Application of the Standard

The prosecutor gave an explanation for her strike of each Hispanic juror: 1) the first one was struck because she was a school teacher and, from the prosecutor's experience, school teachers tend to favor rehabilitation rather than punishment, 2) the second was a former prosecutor and a current attorney, and the prosecutor did not want an attorney on her panel who might use his own experience and prejudices rather than follow the court's charge, 3) the third made a comment that everyone was capable of murder and the prosecutor feared the juror would identify with appellant, and 4) the fourth was only temporarily employed, causing the prosecutor to feel she was not stable in the community, and she was fluent in Spanish.

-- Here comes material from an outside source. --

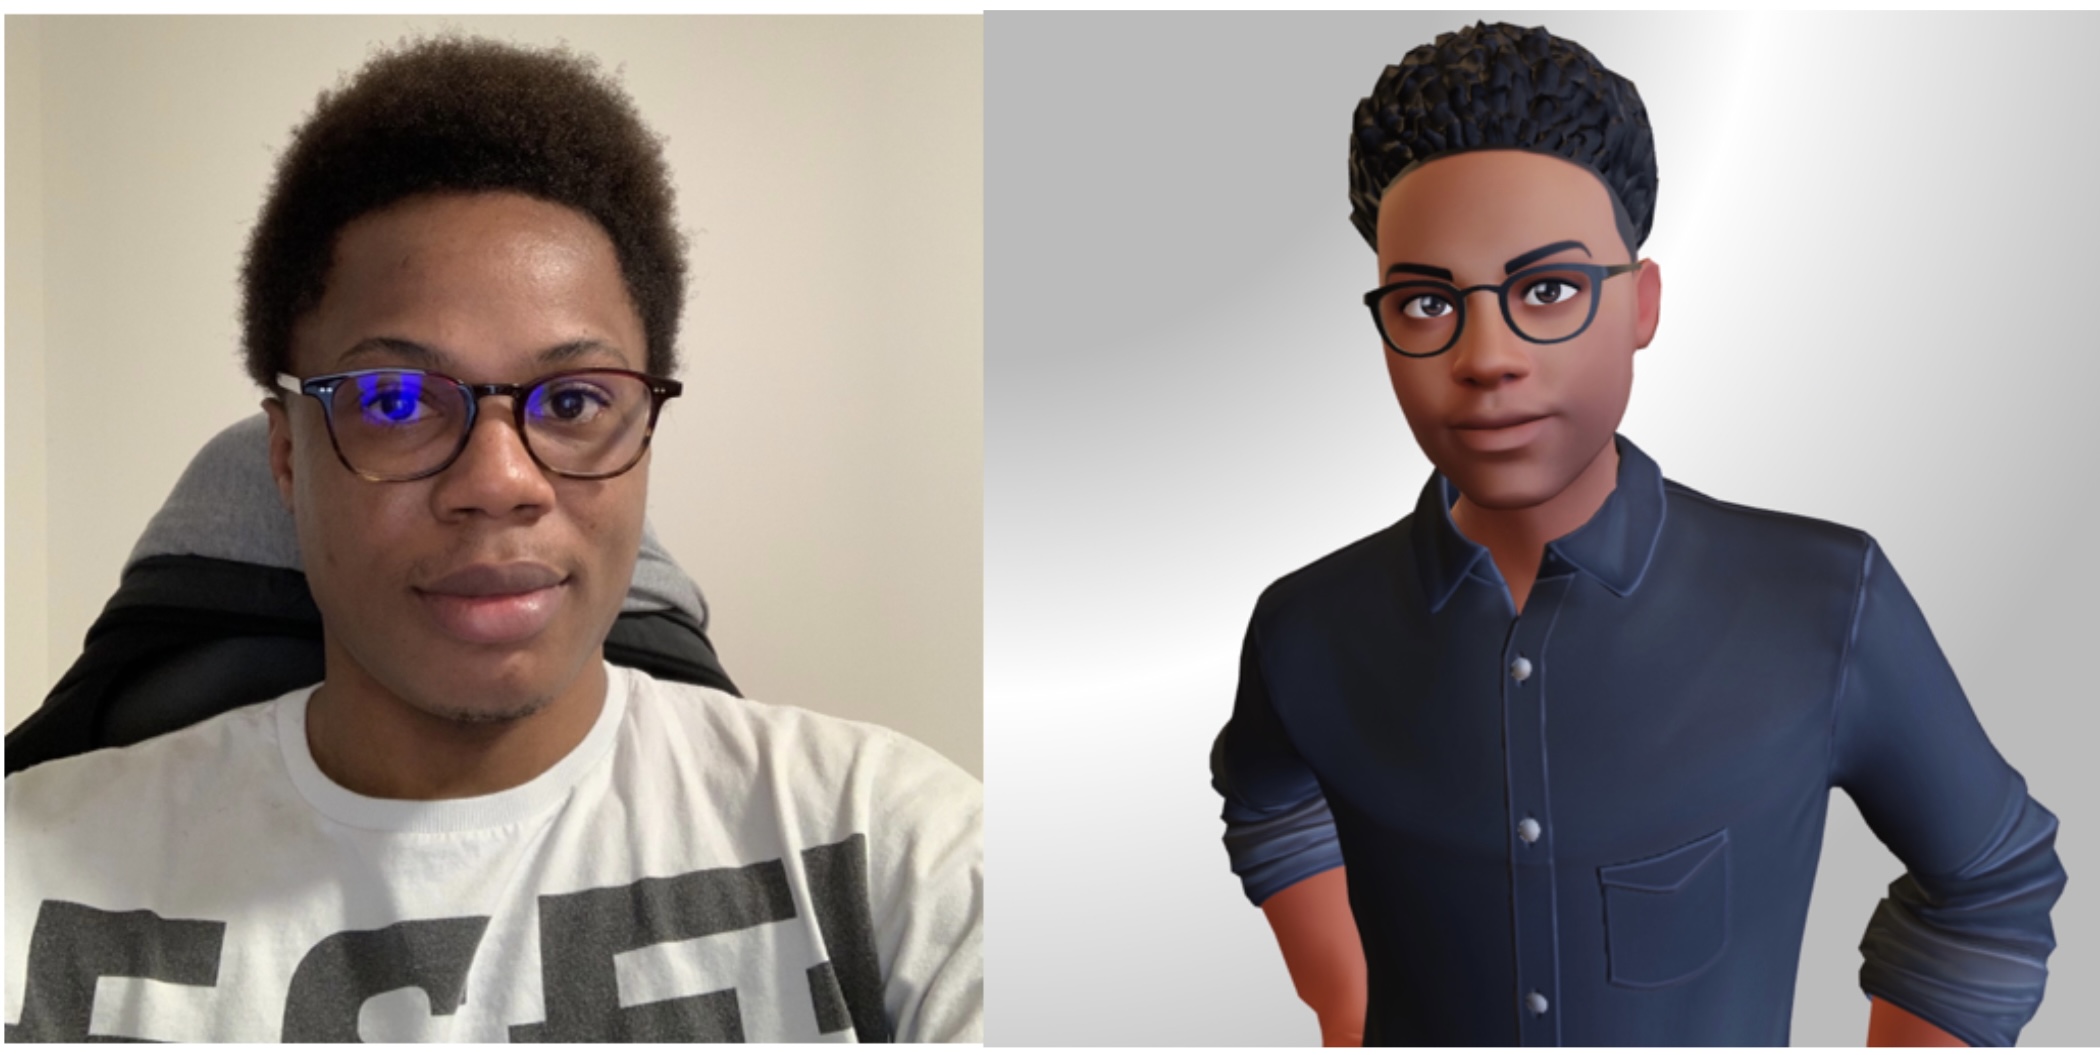 VR Chat Avatar Creator Commits To Fixes  New Options For Better  Representation

Striking a juror because of his or her occupation and counsel's opinions of the views and attitudes associated with that occupation is a facially neutral explanation. Tompkins v. State, 774 S.W.2d 195, 205 (Tex. Crim. App. 1987), aff'd, 490 U.S. 754, 109 S. Ct. 2180, 104 L. Ed. 2d 834 (1989); Brown v. State, 56 S.W.3d 915, 918 (Tex. App.--Houston [14th Dist.] 2001, no pet.). The same is true of the lack of employment, Partida v. State, 133 S.W.3d 738, 742 (Tex. App.--Corpus Christi 2003, no pet.), instability in one's personal life, Herron v. State, 86 S.W.3d at 631, or the possibility that the juror might identify with the appellant. Gerber v. State, 845 S.W.2d 460, 466 (Tex. App.--Houston [1st Dist.] 1993, pet. ref'd).

With respect to the second and third jurors struck, appellant did not provide any evidence of a racially motivated strike. Because the reasons given were facially race neutral and appellant made no attempt to rebut those reasons, we will not review those strikes. See Simpson v. State, 119 S.W.3d 262, 268 (Tex. Crim. App. 2003), cert. denied, ___U.S.___, 124 S. Ct. 2837, 159 L. Ed. 2d 270 (2004); Flores v. State, 33 S.W.3d 907, 926 (Tex. App.--Houston [14th Dist.] 2000, pet. ref'd).

As to the first and fourth jurors, appellant pointed out the names of two other persons on the panel that were a teacher and a professor respectively who were not struck. Nevertheless, the State had already used all of its peremptory strikes prior to reaching one of those persons, and contended that the other person had given answers that overrode her misgivings about the person being a teacher. As to the juror that was only temporarily employed, appellant pointed out that retired persons were not struck. However, he did not name those persons, and we can perceive a difference in stability between an older person who has worked many years and is currently retired and a person of working age who is not gainfully employed. Further, appellant did not attack the strike of that same person on the basis that she was fluent in Spanish. Therefore, we cannot say that the trial court's ruling was clearly erroneous.

Accordingly, all of appellant's issues are overruled and the judgment of the trial court is affirmed.





John T. Boyd

Senior Justice



Do not publish.

1. John T. Boyd, Chief Justice (Ret.), Seventh Court of Appeals, sitting by assignment. Tex. Gov't Code Ann. §75.002(a)(1) (Vernon Supp. 2004).

2. Miranda v. Arizona, 384 U.S. 436, 86 S. Ct. 1602, 16 L. Ed. 2d 694 (1966).

3.

Appellant does not separately address his complaint that the Texas Constitution was violated, and we will therefore not address it. Johnson v. State, 853 S.W.2d 527, 533 (Tex. Crim. App. 1992), cert. denied, 510 U.S. 852, 114 S. Ct. 154, 126 L. Ed. 2d 115 (1993).

4.

Batson v. Kentucky, 476 U.S. 79, 106 S. Ct. 1712, 90 L. Ed. 2d 69 (1986).

5.

At the commencement of his brief, appellant states that his fifth issue is whether the "trial court committed fundamental error when it failed to properly make findings as to the appropriateness of the State's reasons for it's [sic] peremptory challenges . . . ." Thus, appellant appears to be arguing that the trial court was required to make specific affirmative findings, and its statement that "I'm going to deny the motion to disqualify this jury on Batson . . . " is insufficient. Appellant cites no authority for this contention, and thus to the extent appellant is raising such an issue on appeal, it is inadequately briefed. See Tex. R. App. P. 38.1(h) (requiring an appellate brief to contain appropriate citations to authorities and to the record).